In fact, the tax exemption is a deduction from the payment of income tax on the realized pre-tax profits, which result from all the activities of the company, while the tax exemption is calculated as a percentage of the value of the supported costs of the investment project or the value of equipment acquired through leasing.

In the regimes that have been announced in the development law n. 4887/2022, the amount of tax exemptions per investment reaches 5,000,000 euros, while the amount of grants is 3,000,000 euros. Also, the aid on an annual basis must not exceed 1/3 of the total tax exemption.
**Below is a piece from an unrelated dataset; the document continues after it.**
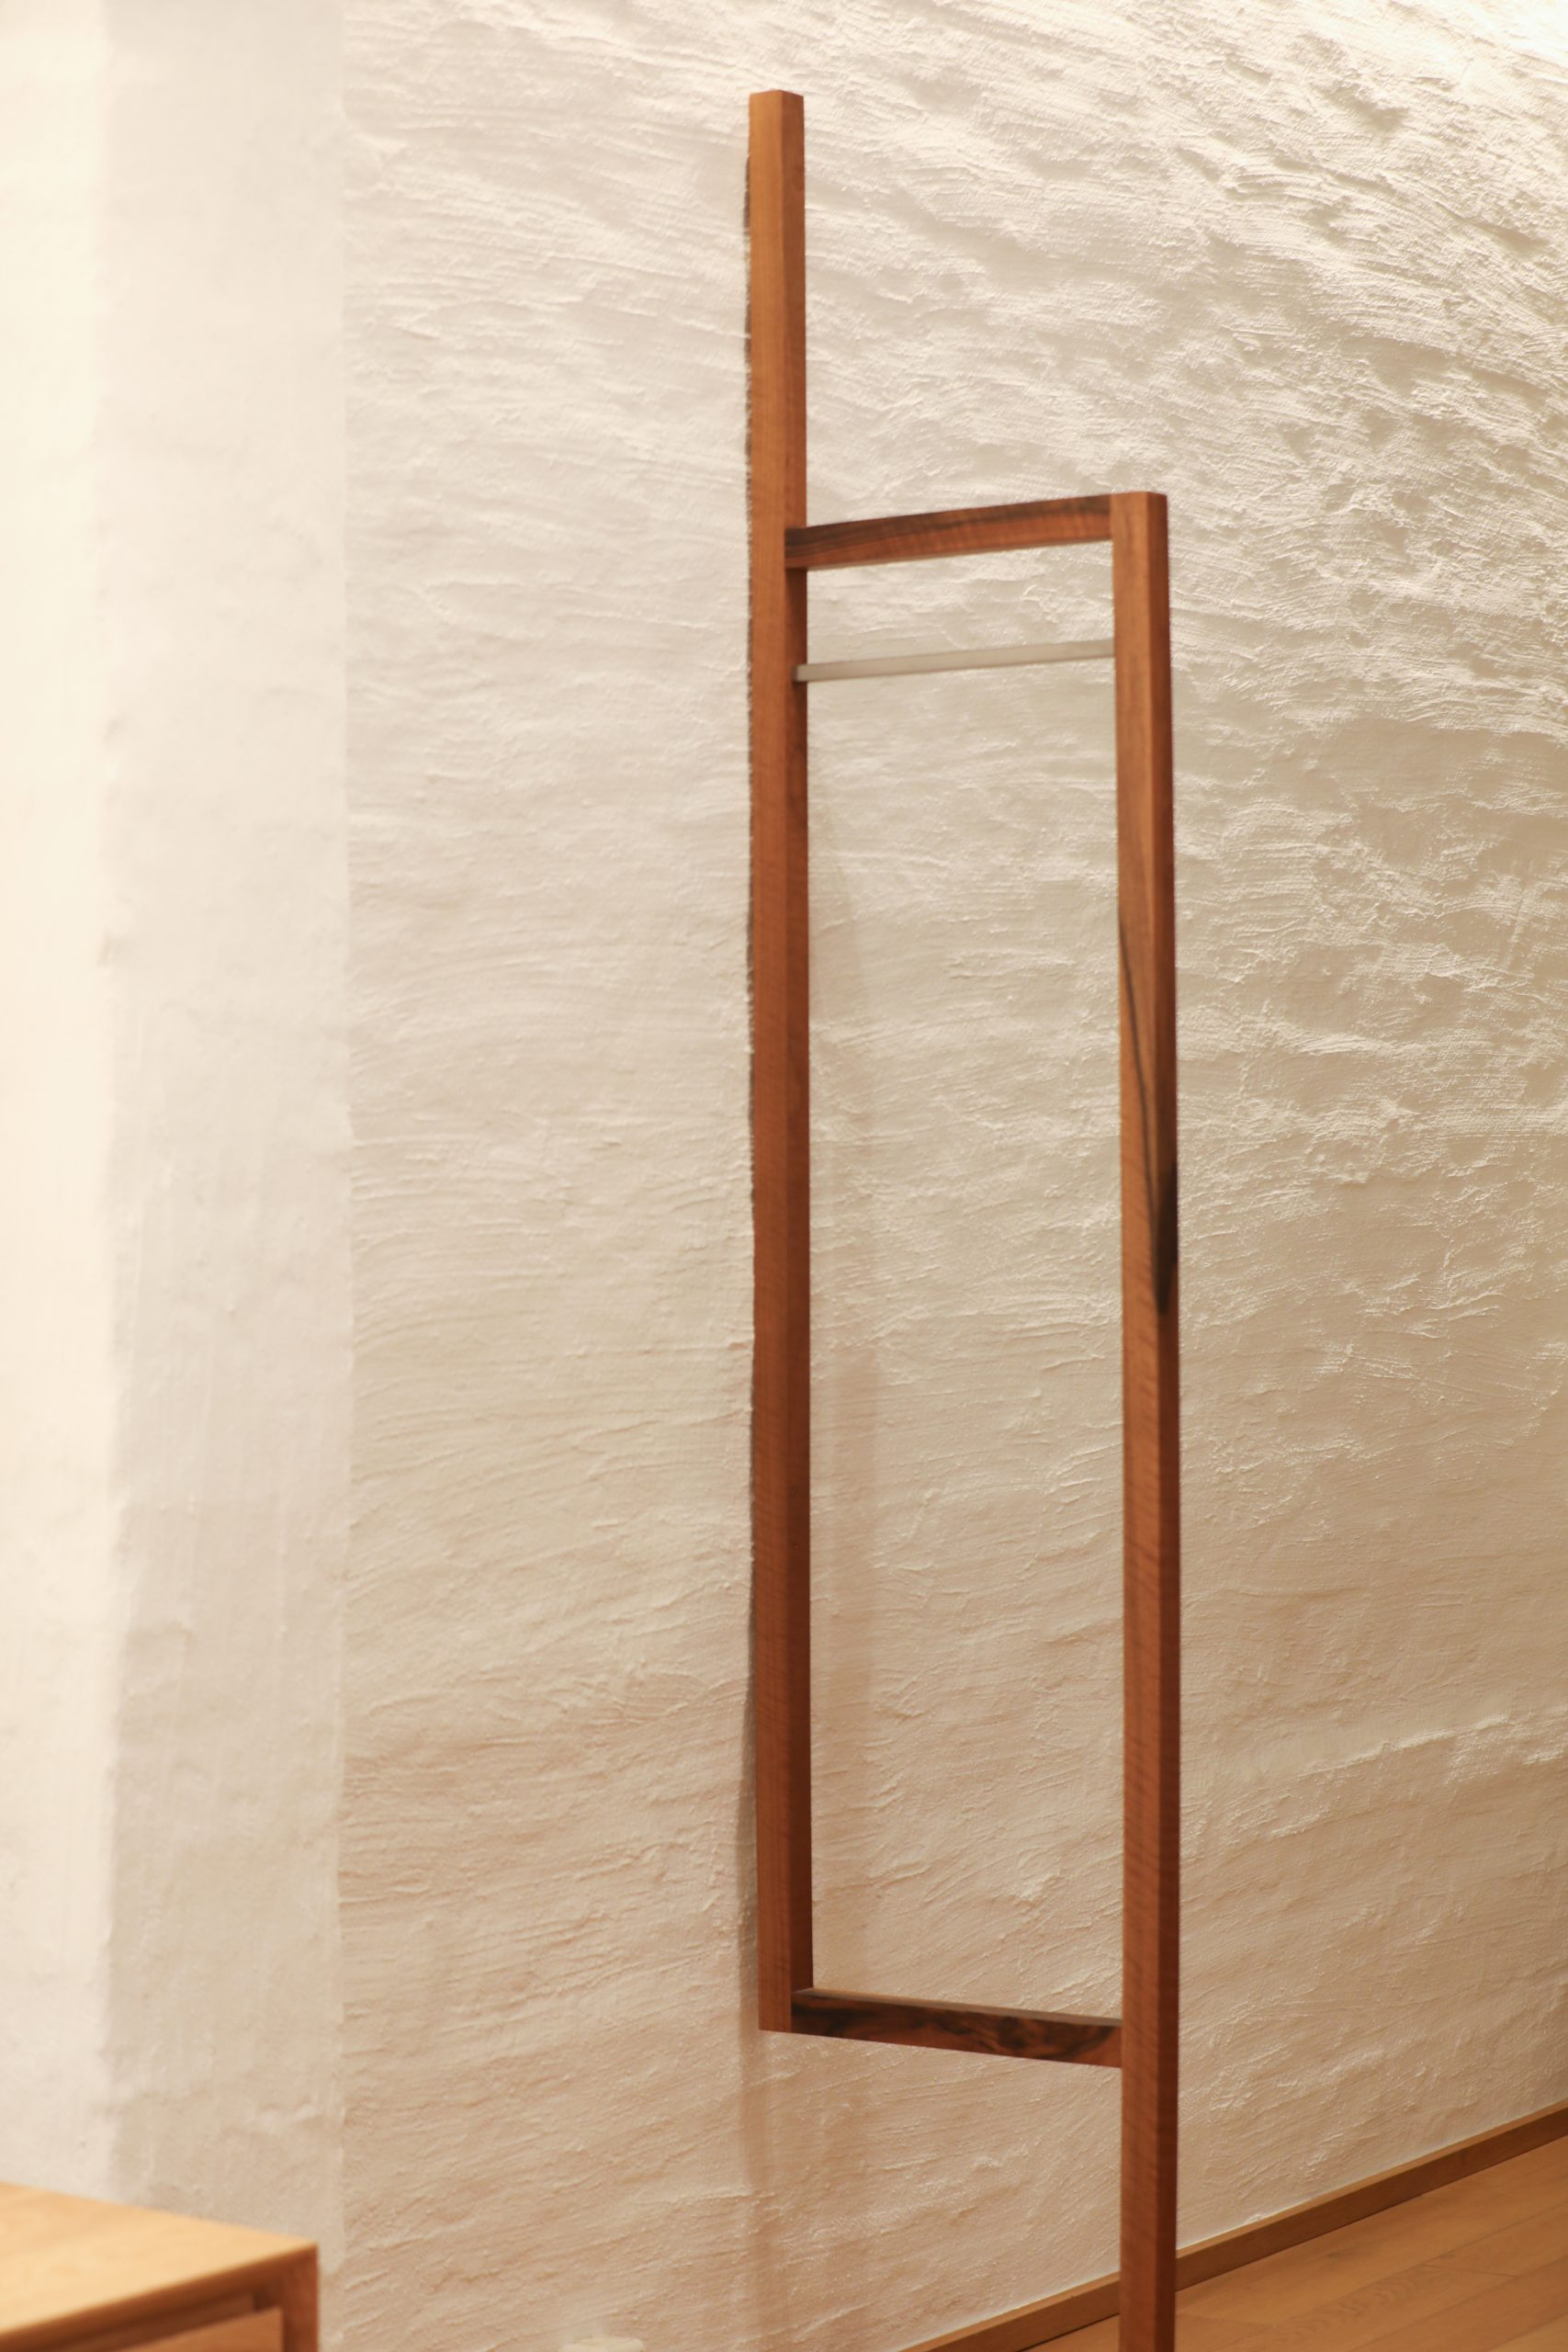 Made-in-Taunus-accessoires-Garderobe-Helena-20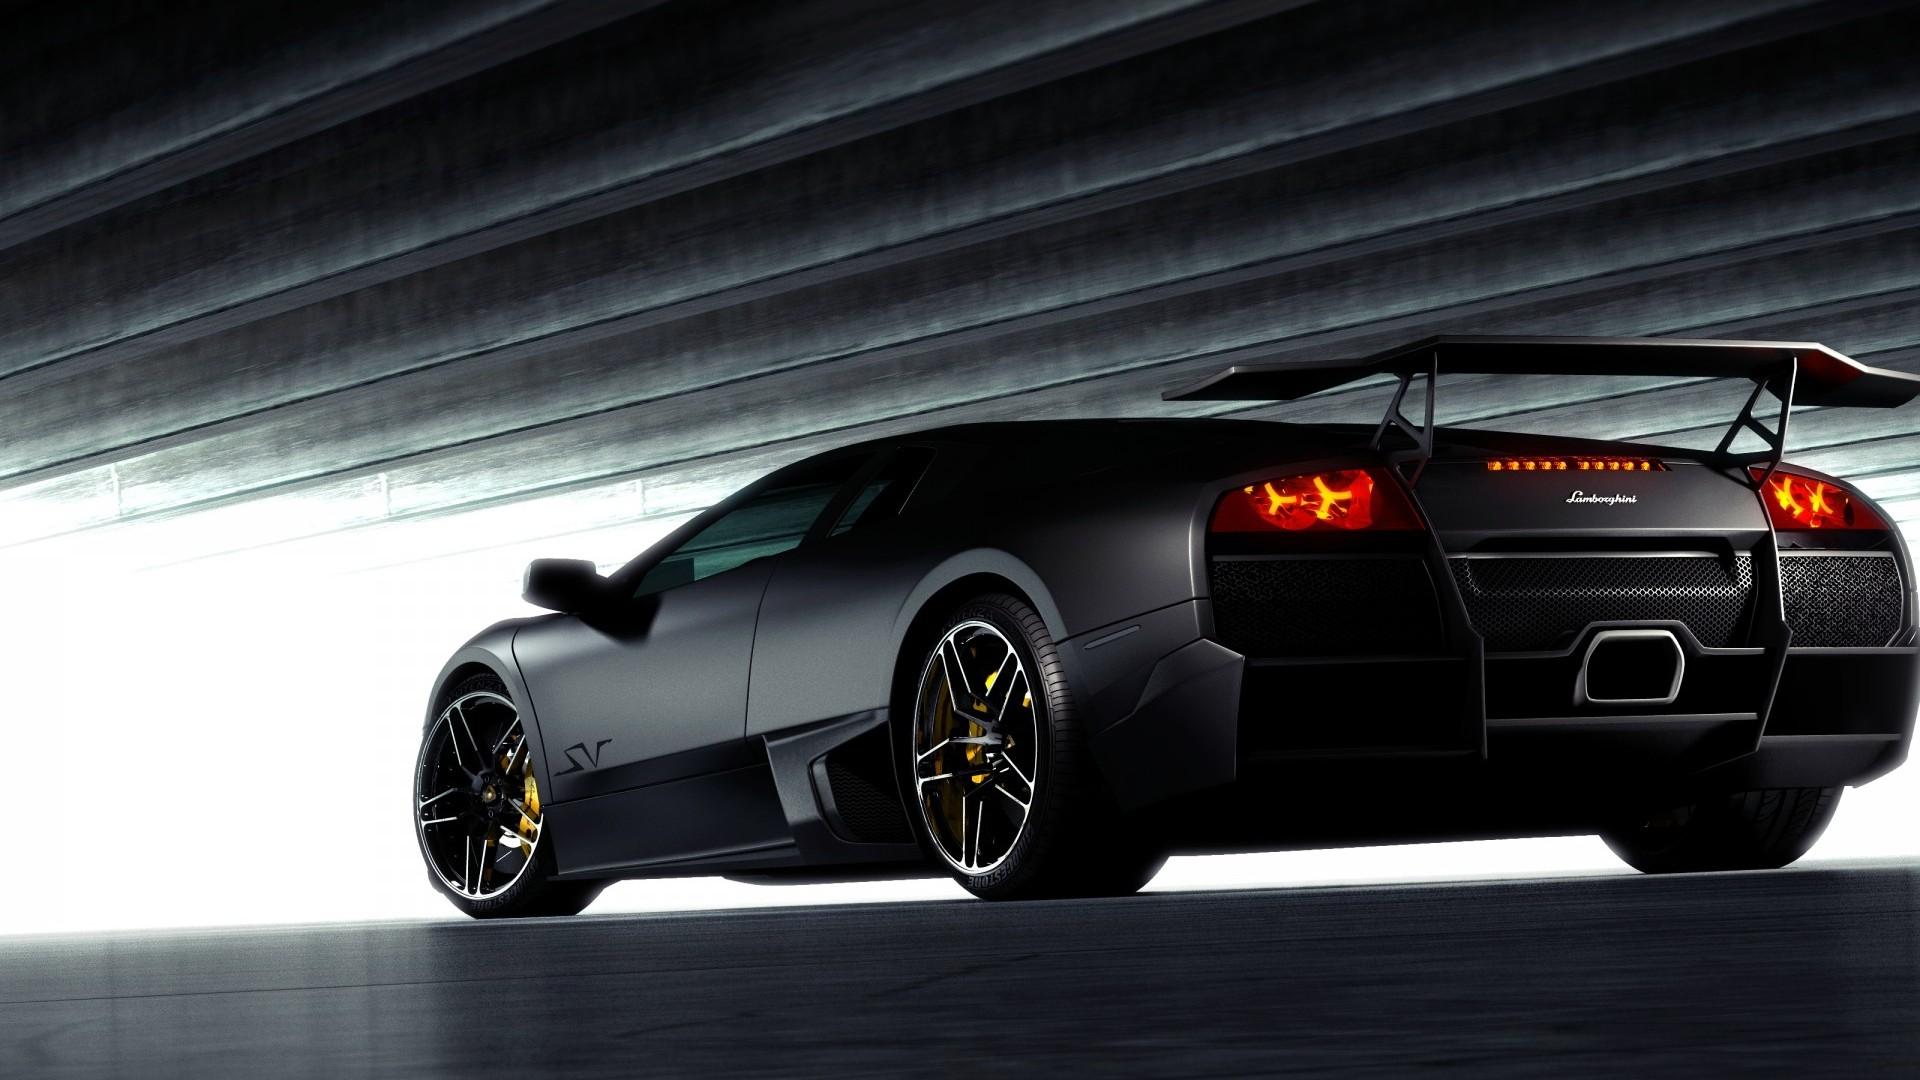 black-lamborghini-back-view-hd-wallpapers-1080p-cars ...

For example, if an investment receives a tax exemption amount of 1,500,000 euros, it can use it during 15 years at will. However, per year the maximum amount of the tax exemption can rise to 1/3*1,500,000 = 500,000 euros. However, if from the previous year he has an aid balance that he did not use, this can be added to the above amount. According to the Ministry of Development, the companies that request the strengthening of the tax exemption are those that have the greatest added value to the country’s GDP, as the investor, having assessed the risks involved in his investment, believes in the sustainability and profitability of the investment in order to apply for the incentive of the tax exemption, which begins to be provided to him after realizing 50% or 65% of his investment. So these investments are realized and are profitable.

The startups

On the other hand, the ultimate goal of interventions on the innovation front is to strengthen business startups and bridge the gap that separates Greece from the European average in terms of research and development (R&D). It is worth emphasizing that until 2020, companies investing in research and innovation had a 130% tax deduction for research and development expenses certified by the General Secretariat of Research and Innovation of the Ministry of Development. In 2020, the rate of the tax deduction rose to 200% and now with the bill that will be submitted immediately to the Parliament, it will provide for a maximum rate of deduction of 315%, as announced by Mr. Mitsotakis from the podium of the International Exhibition of Thessaloniki.

“Investment angels”

At the same time, the tax incentives for “angel investors” are significantly expanded, with an increase in the upper limit of investment in startups on which the deduction from taxable income is calculated to 900,000 euros from 300,000 euros today. In this way, an investor can earn up to 450,000 tax-deductible instead of 150,000 euros today. It is noted that the percentage of the 50% discount remains the same. What changes is the maximum tax-deductible investment amount. Also, “investment angels” are entitled to make up to 3 investments per year.

As they report competently, given the limited utilization of this incentive to date, it is considered appropriate to make it more attractive, through the above increase, as these are high-risk investments.